The most obnoxious part of this amended law is that it clearly specifies the discriminatory treatment of immigrating Muslims from three countries. As Muslims account for about 15 per cent of India’s own population, this law is insulting to them.

A country that had laudably and laboriously built on the enlightened principles of secularism and diversity seems to have deliberately introduced a superfluous religious element into its revised citizenship provisions. It is a retrograde and regrettable step towards a kind of modish medievalism, peculiar to Mr Narendra Modi’s government. This is undoubtedly an internal matter of India’s and Asia’s astute and ablest leaders have, in the normal course of diplomacy, refrained from commenting on this issue.

Malaysia’s seemingly everlasting Prime Minister has, however, voiced a misinformed view on the subject. To be fair to the nonagenarian, it is essential to recall what he said and the context exactly.

Dr Mahathir Mohamad was approached, as he was standing, on the sidelines of a major summit meeting, by some journalists. One of them raised a question on the amended citizenship provisions.

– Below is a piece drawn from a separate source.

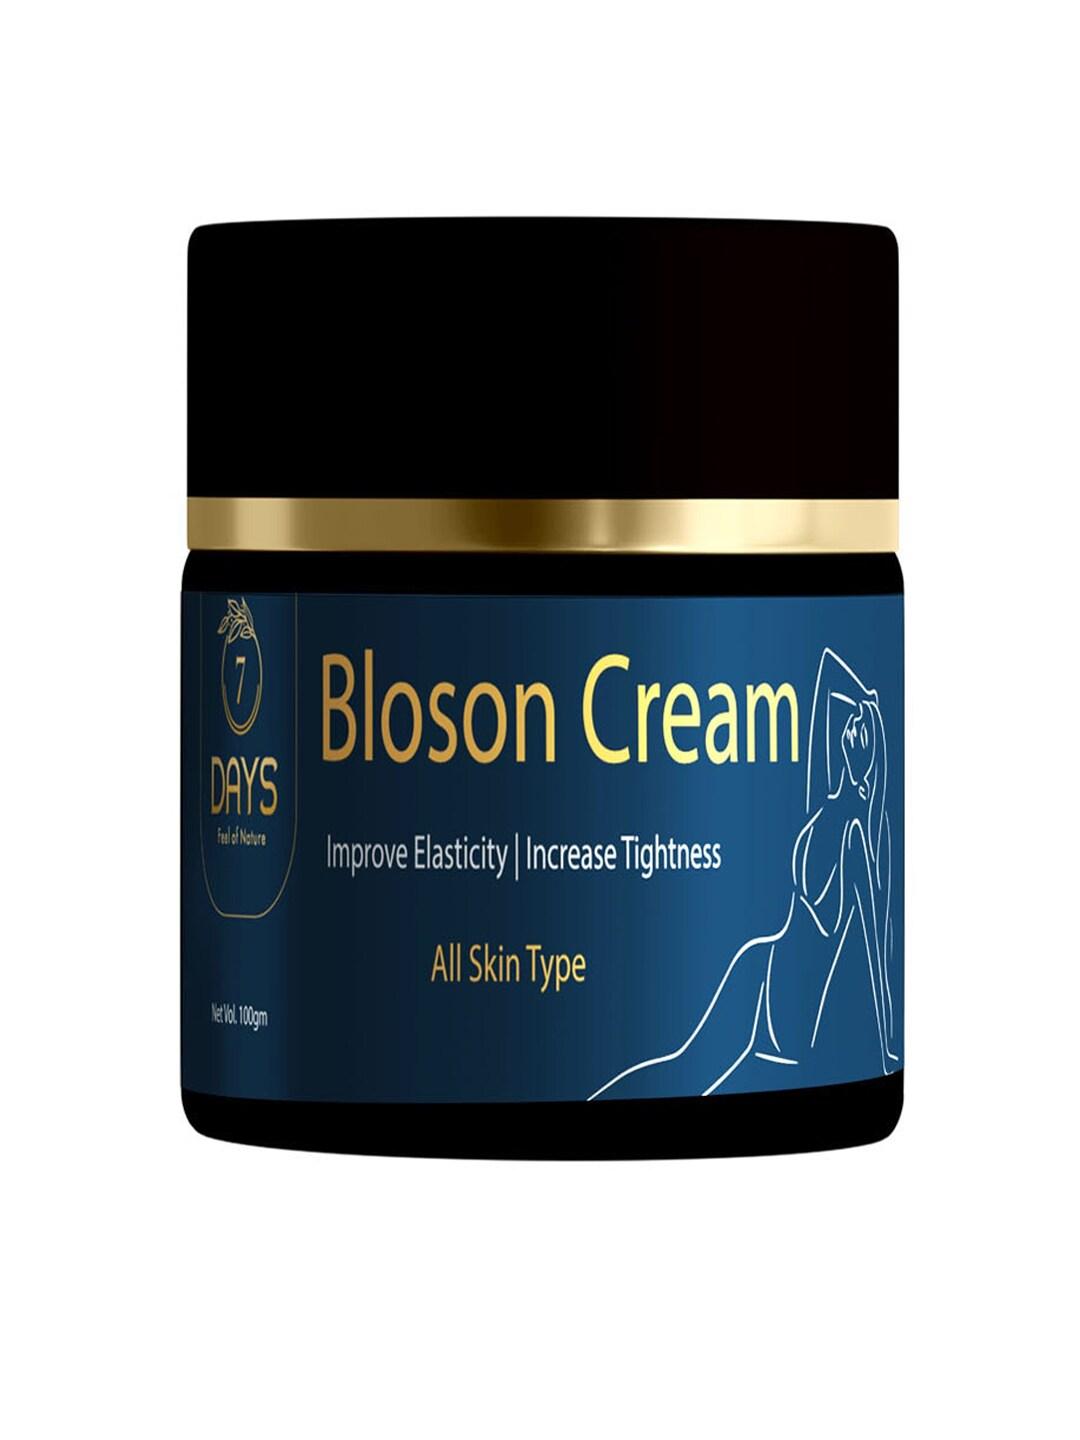 7 DAYS Bloson Enhancement Bust Massage Shaping & Firming Toner Cream - 100g
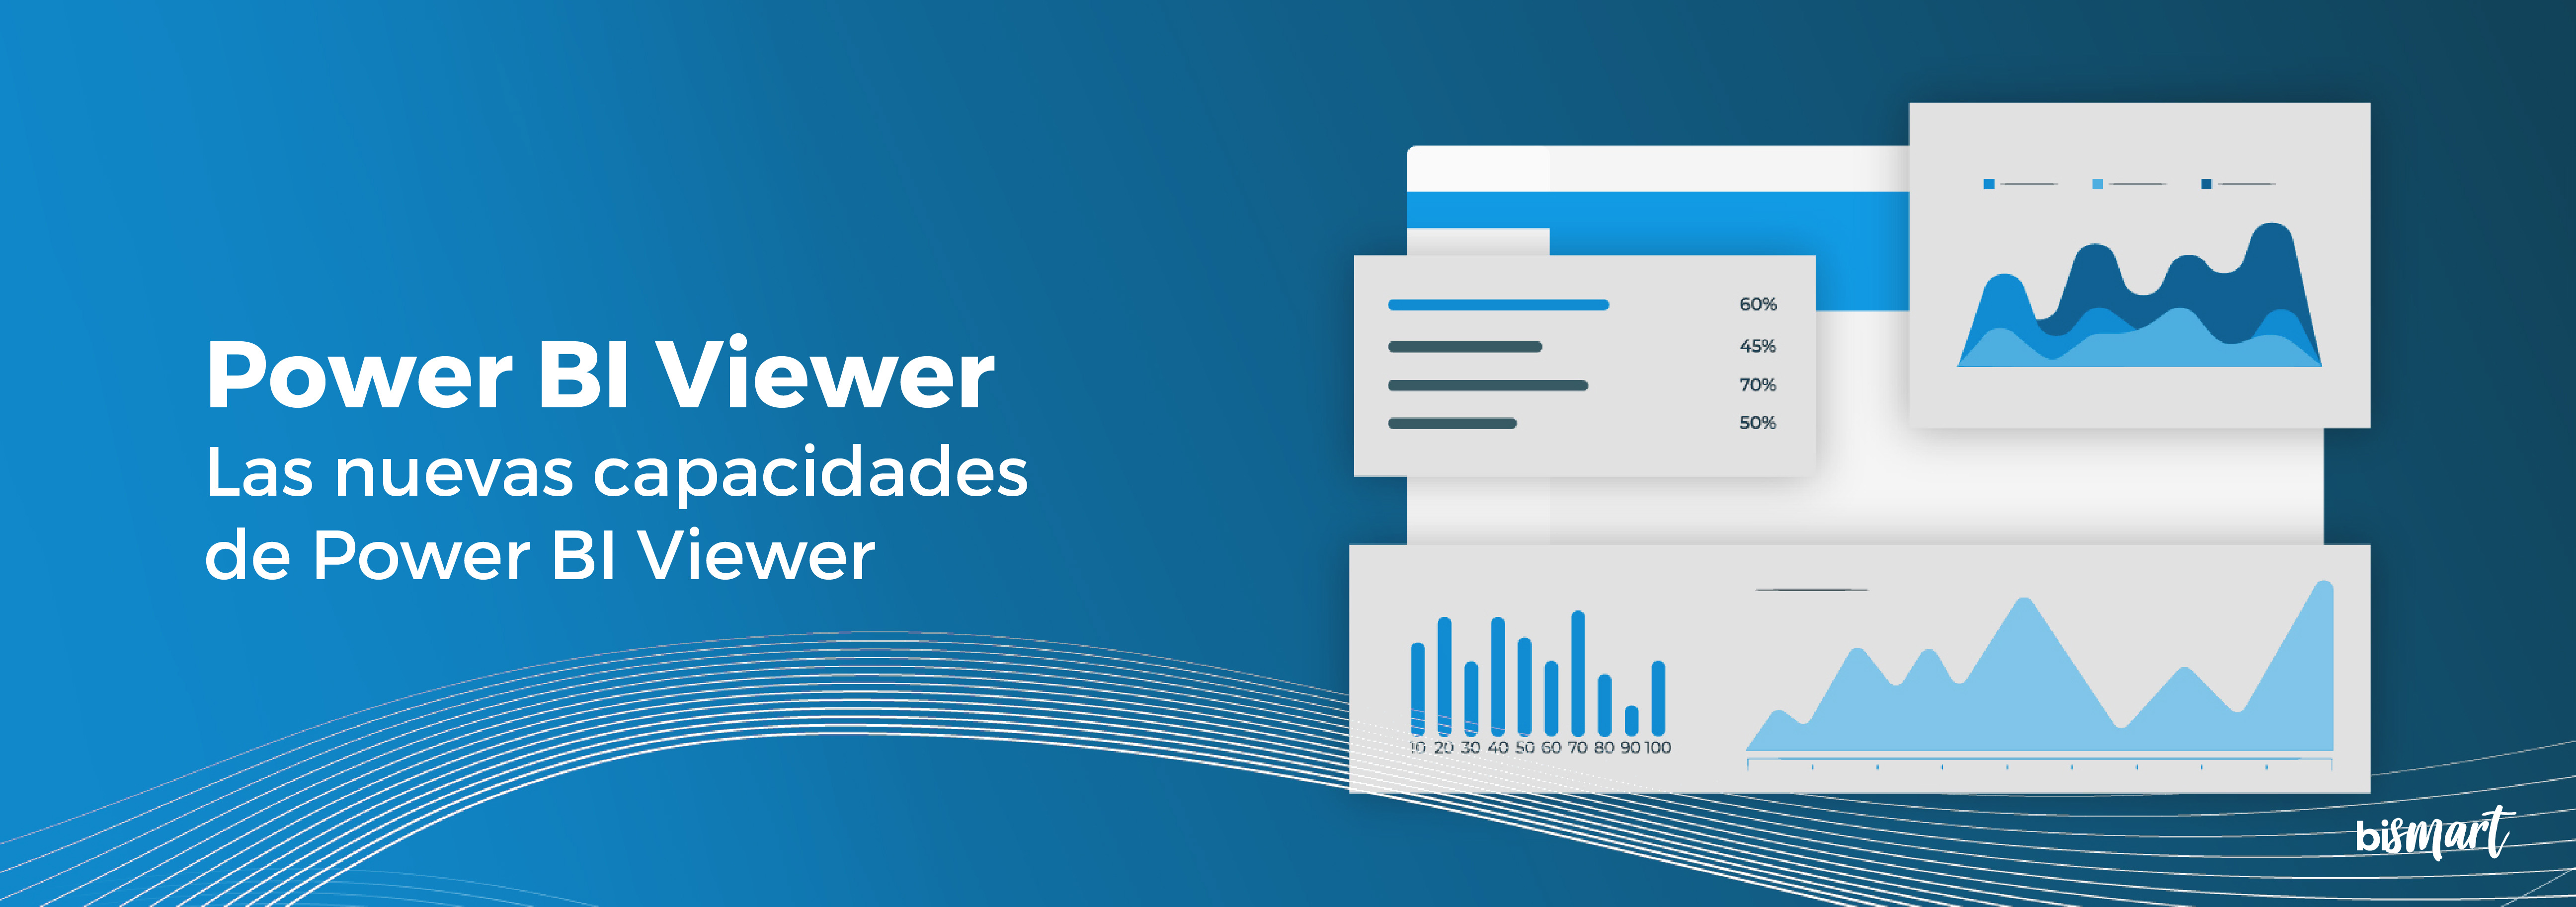 Power BI Viewer Update: Las nuevas capacidades Power BI Viewer 1.1

In his off-the-cuff response, Dr Mahathir said that Malaysia had accepted Indians and Chinese and had given them citizenship even though they did not qualify for citizenship. He also said that the Indian government had deprived some Muslims of their citizenship.
Both the answers, which had not been well thought out, are factually incorrect and inappropriate.

Not all Indians and Chinese in the then Federation of Malaya were granted citizenship in 1957 when the country became independent. There was also never a concession to give citizenship to those who did not qualify. The reality would have been different had that concession been granted. The reality was that as late as the 1980s there were significant numbers of non-indigenous Malaysians who could not become citizens but had permanent resident status.

These permanent residents, most of whom were Malaya-born, were always a step away from full citizenship because of lack of proper documentation, some language disability and, rarely, even suspected disloyalty. As for India, there is no evidence whatsoever that its government had disenfranchised any of its citizen of his or her citizenship on the basis of religion.

As the Prime Minister is of a most advanced age, these inaccuracies of his, in spite of the fact that they made good headlines and denigrated one country’s government and at least two minorities, can be forgiven although it is hard to forget or overlook these things.

Dr Mahathir, in his first term as Prime Minister, fired the imagination of Malaysians with his Vision 2020 which sought to transcend ethnic differentiation.

Its most laudable and principal challenge was the creation of a united Malaysia made up of one Bangsa Malaysia. Challenge Number 5 in his Vision 2020 was that of establishing a matured liberal and tolerant society. With his latest statement on the country’s non-indigenous communities, Dr Mahathir has perhaps provided an unvarnished, true and trite viewpoint of the country’s minorities. The truth is that there is a well-recognised, known unwritten Peninsular Malay-first policy in the country championed by the same leader.

But Malaysia is by no means unique in this regard.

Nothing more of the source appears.